One would think that the ATF, the federal agency charged with keeping track of firearms in the United States would be able to quickly pull up a list of people who legally own firearms in this country.
Just press a few buttons on the computer, and — presto! — ATF agents should be able to efficiently track all guns and their owners’ purchase histories, right?
For more than 22 years, the National Rife Association (NRA), the country’s most powerful gun lobby, has successfully lobbied Congress for “a prohibition, beginning in 1978, and in every appropriations bill since then, that restricts the ATF from creating a computerized registry of any sort or shape of gun ownership.”
Since 1989, only two groups have spent more to help fund political campaigns than the NRA, according to the Washington Post. Over the last two decades, the group spent $22 million on lobbying and $75 million to help fund political campaigns.
Lougher’s shooting of a sitting U.S. Representative, his slaying of six victims, and injury of 14 should make people of every political persuasion think whether the ATF and other law enforcement officials can easily track a gun’s history of ownership, the number and type of weapons that a person legally owns, and an owner’s frequency and type of purchases.
Apparently, that’s not the case. “Essentially,” according to Washington Post investigative reporter James Grimaldi, “the ATF cannot have a computerized database of people who own guns in the United States.”
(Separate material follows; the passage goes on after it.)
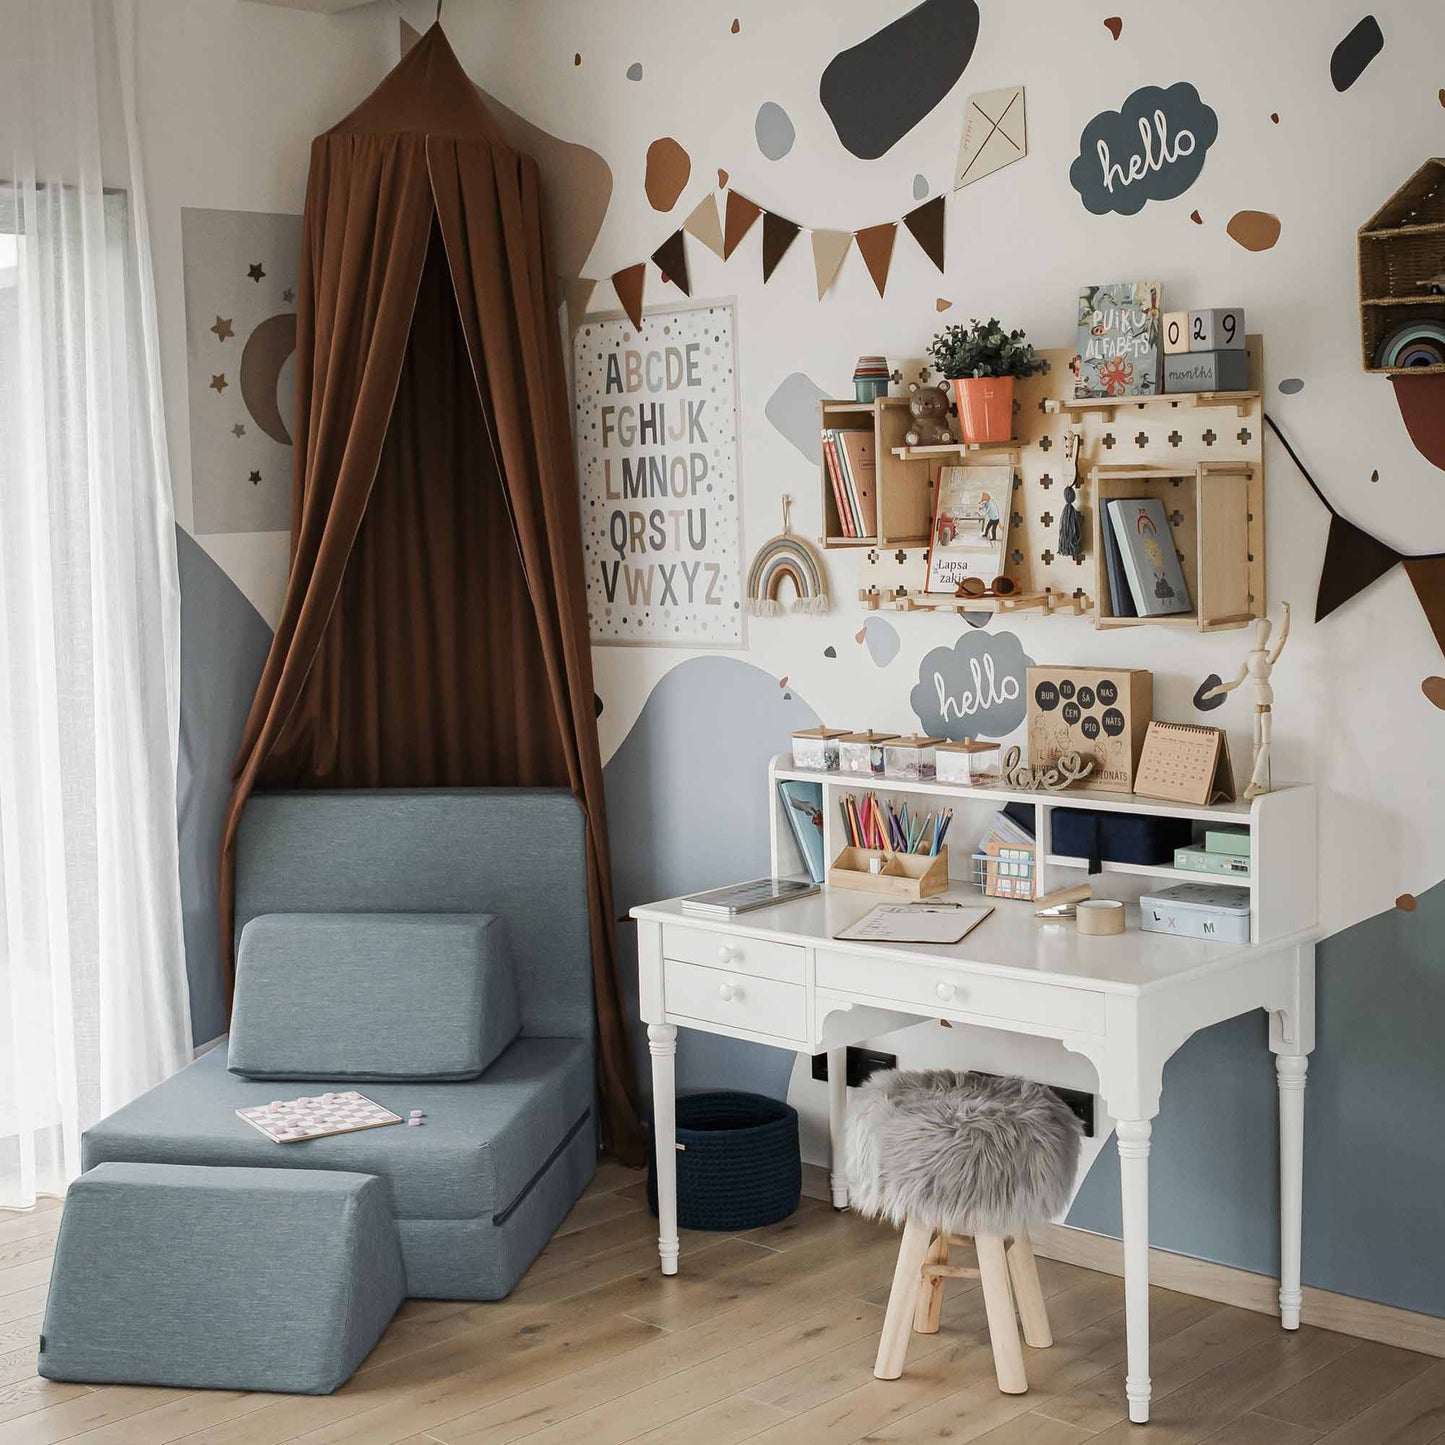 A children's playroom features a reading nook with a brown canopy, a versatile pedestal desk with organized stationery and adjustable leg height, wall decorations, alphabet art, and a table with a hutch filled with toys and books.

The ATF’s National Tracing Center (NTC) says that it “is the country’s only crime gun tracing facility.” Based in Martinsburg, W.Va., the NTC would seem to be little more than a bureaucratic, paper-pushing storage facility. Unfortunately, it appears that the NRA and its friends have successfully kept the gun tracking unit in the Dark Ages, preventing the ATF unit from keeping a comprehensive computer database of guns and their owners’ purchase histories.